YOUR TASK
Look through the records below for the line with "Merrill How Leavitt" and the line with "The Continuum of", then return those lines and all lines between, exactly.

DATA RECORDS
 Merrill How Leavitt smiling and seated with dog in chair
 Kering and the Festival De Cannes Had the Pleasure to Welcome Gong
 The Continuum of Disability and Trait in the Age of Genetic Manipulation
==
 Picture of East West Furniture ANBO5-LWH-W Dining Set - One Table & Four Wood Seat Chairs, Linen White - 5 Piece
* * *
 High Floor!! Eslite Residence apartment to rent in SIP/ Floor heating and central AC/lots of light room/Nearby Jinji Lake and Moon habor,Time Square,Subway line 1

EXERCISE RESULT
 Merrill How Leavitt smiling and seated with dog in chair
 Kering and the Festival De Cannes Had the Pleasure to Welcome Gong
 The Continuum of Disability and Trait in the Age of Genetic Manipulation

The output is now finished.